La Bella y la Bestia
Se ha estrenado esta semana la versión life del musidibu que Diseny lanzó hace exactamente 25 años de La Bella y la Bestia. A mi me gusta (una
perversión la tiene cualquiera) porque me gusta el musical, porque me gusta
Emma Watson y porque me gusta el cuento. Eso no quiere decir que no reconozca
que esta Bella y esta Bestia del 2016 son francamente viejas, o viejunas, que
es una palabra que le gusta mucho a mi amigo Juan Francia. Es una versión
viejuna no solo por la historia, lo es sobre todo por la puesta en escena. Y
ahí llegamos a un tema que lleva de cabeza a la crítica desde que el cine
existe. ¿Una película es reaccionaria, conservadora o progresista por su
historia o por la forma en que se cuenta? Viejo (no viejuno) debate que sigue en
el aire y que esta nueva versión del cuento de Gabrielle-Suzanne Barbot,
publicado nada menos que en 1740, nos permite estudiar. El cuento es el que es:
Bella es una hermosa niña que por salvar a su padre se sacrifica y acepta ser
prisionera de la Bestia de la que acaba enamorándose a pesar de su aspecto y a
la que libera de la maldición. Punto. Pero con este argumento se pueden hacer
muchas cosas. Por ejemplo, lo que hizo Jean Cocteau en 1945, hace ¡72años! en
una película que no es ni vieja, ni viejuna, sino tremendamente moderna. Por su
puesta en escena desde luego, pero también por la mirada sobre Bella y sobre la
Bestia y por la forma como resuelve su historia de amor. Bella salva a la
Bestia que se convierte en un apuesto caballero y juntos emprenden un viaje hacia
el infinito, hacia la aventura. No como la pobre Bella de Disney que acaba en
brazos de un melifluo y blandengue príncipe azul, bailando en un castillo de
mona de pascua, rodeada de estúpidos cortesanos. Pobre Bella, ¡menudo destino!

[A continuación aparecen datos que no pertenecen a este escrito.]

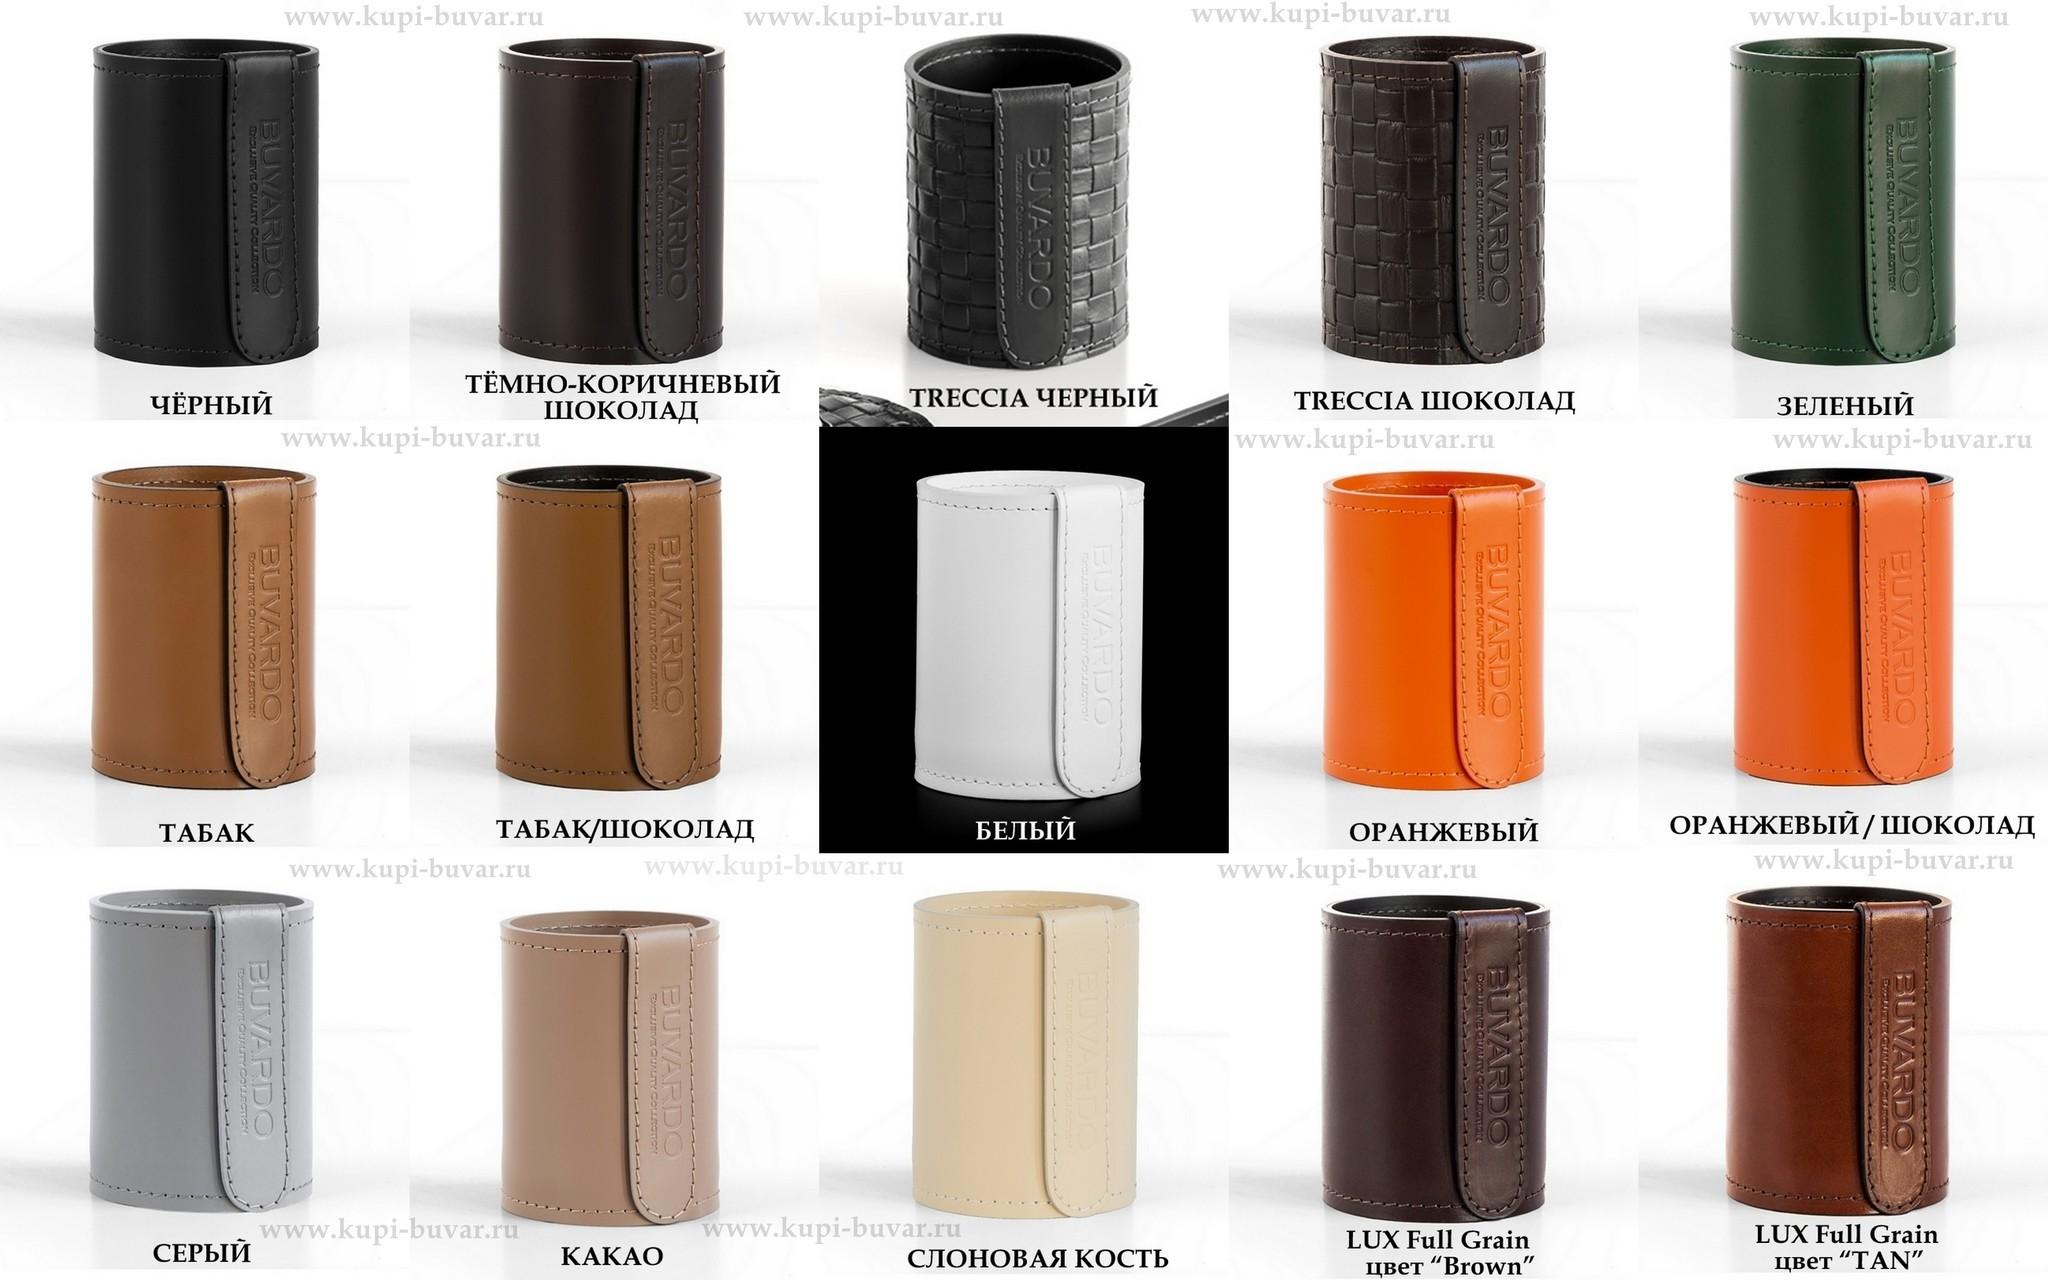 Варианты цвета кожи Cuoietto для набора 9012 4 предмета.

Bill Condon ha perdido la oportunidad de hacer una Bella del siglo XXI. O a lo
mejor no, y esta Bella acomodaticia y cursilona es la que corresponde a los
tiempos de regresión política y social que corren en este principio de siglo.
Safari
Las bestias de Safari
son diferentes. Y no me refiero a los pobres animales muertos arbitrariamente en los parques temáticos. Las bestias son
gordas, sebosas y viejas (también hay delgadas y jóvenes, todo hay que
decirlo). Son esas bestias que Ulrich Seidl ha puesto delante de su cámara
desde que empezó a hacer cine hace ya casi treinta años. Austríacos de clase
media, pequeños burgueses sin ningún interés que en este caso disfrazan de
aventura lo que no es más que un cobarde y aburrido paseo por un parque
temático con animales muertos. No hay nada de épica, no hay nada de peligro.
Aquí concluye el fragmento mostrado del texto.